Fwd: Re: Irish song -- what century and which war? [Was: "yonder"]

Joel S. Berson Berson at ATT.NET
Sat Jun 21 16:51:10 UTC 2008

 From another list:
>Many Irish went to France in 1690 with James II after William's
>victory at the Battle of the Boyne. Could "Now my love has gone to
>France/To try his fortune to advance" refer to James himself, who
>settled his court in France as did his Stuart successors through the
>eighteenth century? If not to James II, it could refer to an adherent
>of the Stuart cause gone into exile with him.

(Not James himself, I infer, since the quoted verse refers to a
"Johnnie" and I assume other verses not to an exiled king.)

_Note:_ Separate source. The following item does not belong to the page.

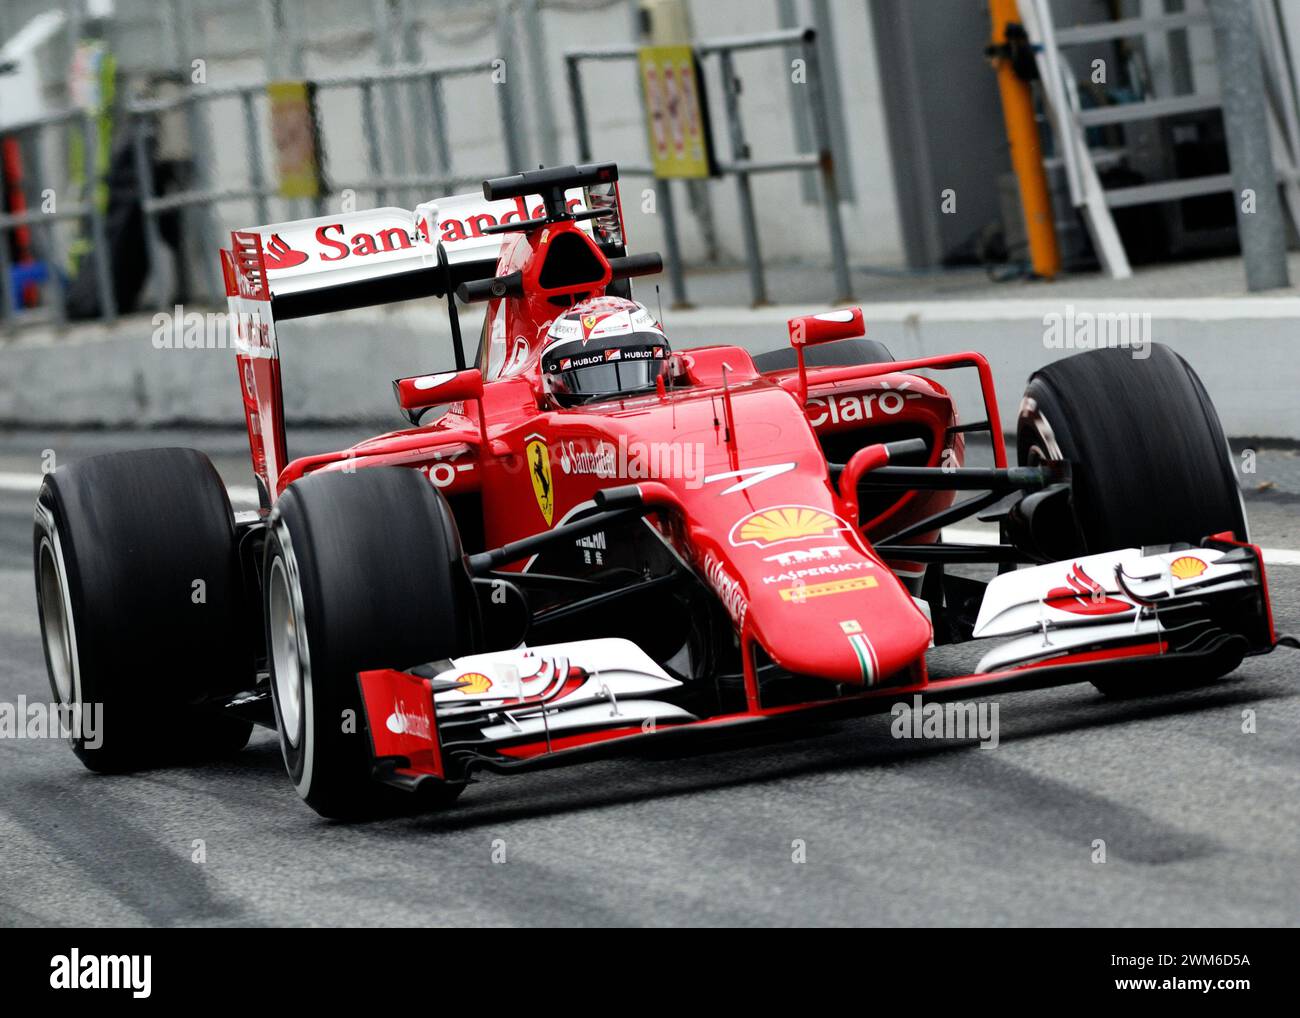 kimi raikkonen - Catalunya - Ferrari Stock Photo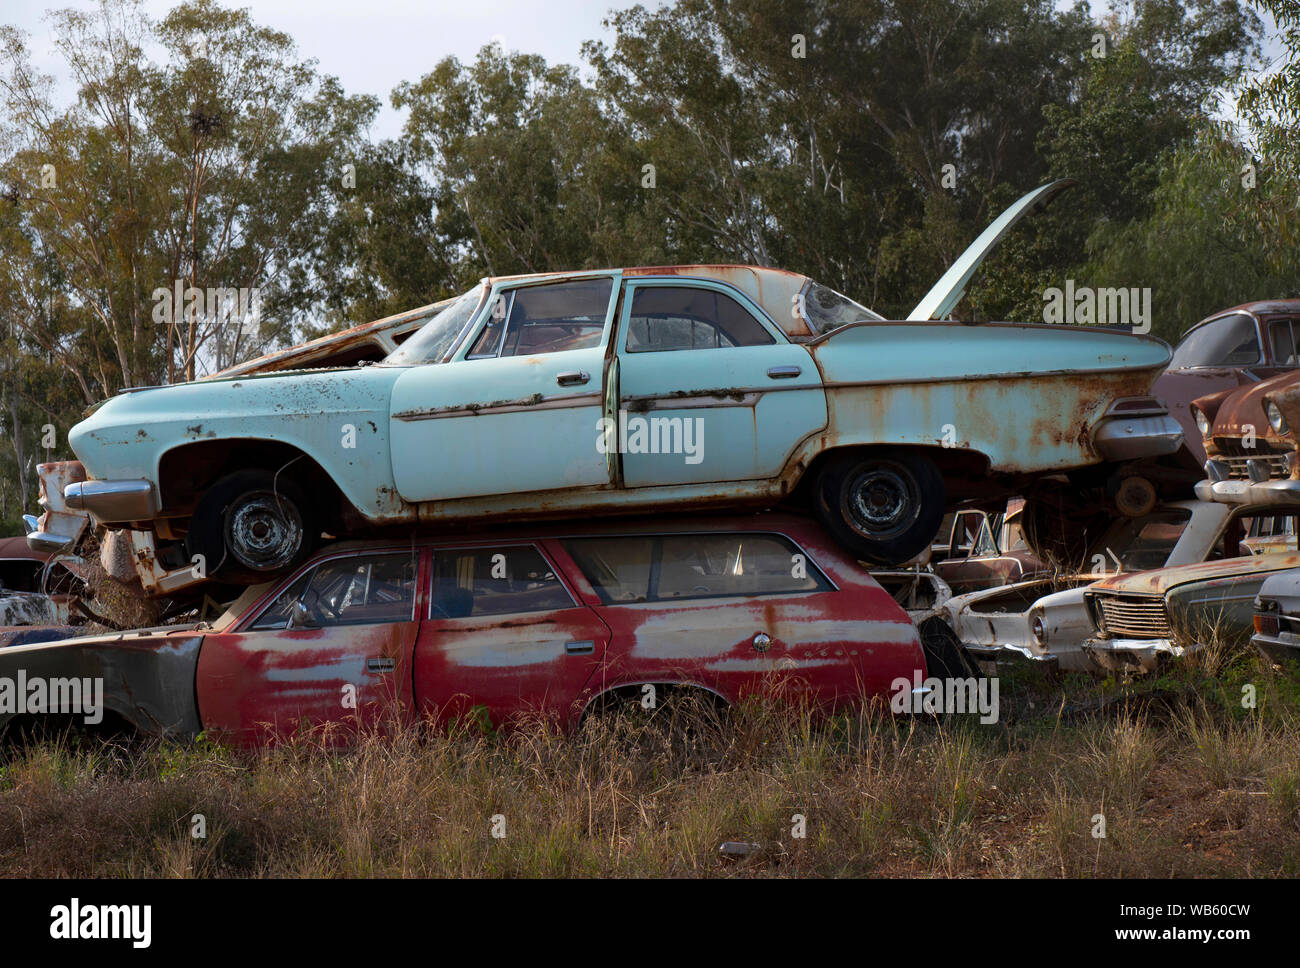 Rusty de vieilles voitures des années 50 et 60, abandonné dans un cimetière de voiture chantier de relevage dans les régions rurales de l'Australie. Banque D'Images

>On Jun 21, 2008, at 10:30 AM, Joel S. Berson wrote:
>>A correspondent on another list has written:
>>>I was listening to an Irish music CD this morning,
>>>and it's got this song called "Siul a riun," an Irish ballad. ...
>>>This song might refer to
>>>the Napoleonic wars in Europe, so I would place it in the early
>>>19th century
>>>(I don't know of any other wars between Great Britain and France
>>>that took
>>>place in Europe, thus the placing, though I might be wrong).
>>Someone else wrote:
>>>The Peter, Paul, and Mary version of the song (entitled "Gone the
>>>Rainbow") included these words:
>>>      I sold my flax, I sold my wheel
>>>      To buy my love a sword of steel
>>>      So it in battle he might wield
>>>      Johnny's gone for a soldier
>>>These words, if accurate (PP&M frequently made changes to the
>>>songs they sung and made no claim to historical accuracy), would
>>>place the song in the days of spinning wheels and soldiers who
>>>used swords.  That would be earlier than the Wars of the French
>>>Revolution, which were mostly fought with gunpowder.  Swords went
>>>out of fashion on land battlefields in the late 17th Century with
>>>the invention of the bayonet (which in its turn was made obsolete
>>>by the pop-top on beer cans.)
>>>So the song apparently goes back to, at the latest, the Battle of
>>>the Boyne (1690).  Did the Irish mix Gaelic and English in songs
>>>that early?
>>>As for wars between Britain and France that were fought by British
>>>land armies in Continental Europe:
>>>Wars of the French Revolution (British armies mainly 1808-1815)
>>>Seven Years War
>>>War of the Spanish Succession
>>>Hundred Years War
>>>Various unnamed wars between the Norman Conquest and the Hundred
>>>Years War
>>Later, the original correspondent supplied this additional
>>>I have assumed that since the song reads, in one place:
>>>But now my love has gone to France,
>>>To try his fortune to advance;
>>>If he e'er comes back, 'tis but a chance,
>>>Is go dte tu mo mhuirnin slan
>>>Therefore, to me it's obvious the war was on the Continent,
>>>not on the British Isles nor in the Americas.
>>Another person added:
>>>I first knew a version of this song as "Johnny has gone for a
>>>soldier" sung by Burl Ives (without _yonder_ in the song). The notes
>>>accompanying the text says it was sung during the American
>>>Revolution. A web search also identifies it as a Revolutionary War
>>>song, "probably an American adaptation of the Irish tune Shule Aroon
>>>from the 17th Century".
>>So:  What war sent Irish soldiers to fight with swords in France in
>>the 17th century?  Or perhaps the *tune* is from the 17th century,
>>but the words (in the various versions given) are from later?